# Photos from Interzoo 2010



## brams (Nov 3, 2005)

I dont know if this is under the right subject but....

Here you have some of the eyecandy from the Interzoo exebition.

Enjoy

http://bramstnk.blogspot.com/2010/05/pics-from-interzoo.html


----------



## Seattle_Aquarist (Mar 7, 2008)

Nice pics, did you see anything really new or exciting?


----------



## doubleott05 (Jul 20, 2005)

that was fantastic thanks for posting that


----------



## Brilliant (Jun 25, 2006)

Very impressive. I expect less substrate heaters and a larger showing of led based or energy efficient fixtures.  

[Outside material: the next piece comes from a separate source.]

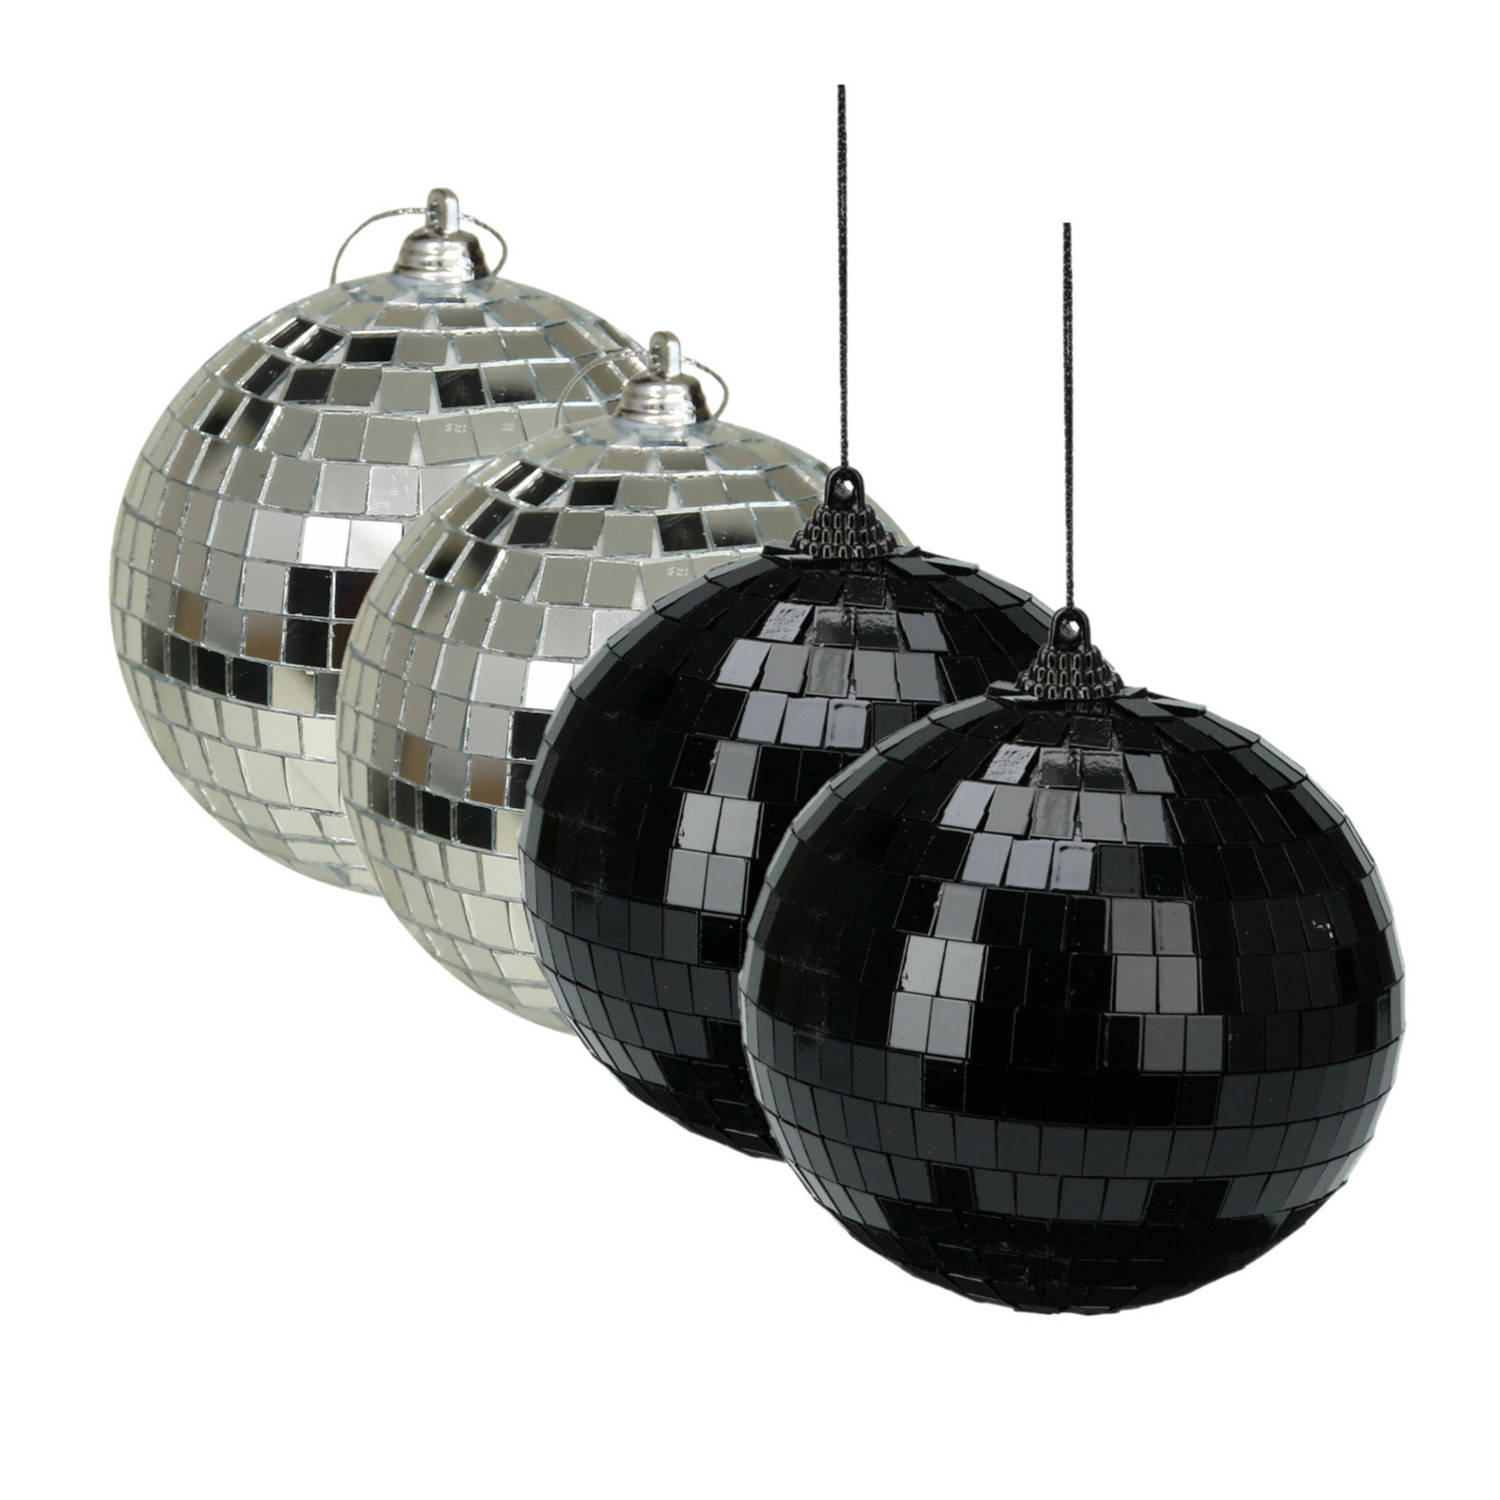 Grote discobal kerstballen 2x stuks zilver 10 cm kunststof Kerstbal

Vielen dank für das teilen des photos!


Errr....vi tackas till dela fotona!


----------



## PeterE (Feb 9, 2010)

Tack sa mycket, brams! Jatta bra! (Swedish limit hit, heh) Those are really cool. I need some of that Hygrophila pinnatifida! That is a nice plant!


----------



## Tex Gal (Nov 1, 2007)

PeterE said:


> Tack sa mycket, brams! Jatta bra! (Swedish limit hit, heh) Those are really cool. I need some of that Hygrophila pinnatifida! That is a nice plant!


I second the motion on the Hygrophila pinnatifida! That's a beautiful plant!


----------



## brams (Nov 3, 2005)

Oh!,
There where a lot of nice things. I think that what i appreciated the most was meeting all the people. To talk to Roland Seah IRL after years on MSN was really nice.

Since i like stuff/gear im really in to co2 equ. and stuff like that. It was funny to see something diferent, like the palundarium in Elos stand and the crab-terrarium in the low wabi-kusa nanos.


Yeah, the Hygrophila is really nice, Oliver told me that it was really easy as well and that it grows as good on rock or wood as in the substrate.


----------



## J.W. (May 19, 2010)

I attended one of these Interzoo back in the late 90's. It was in either Frankfurt or Munchen, Germany...I forget now.
But maaan, it was amazing. Talk about having sore feet after a day at that show, and I didnt even get to see it all.

Thanks for sharing, brams.


----------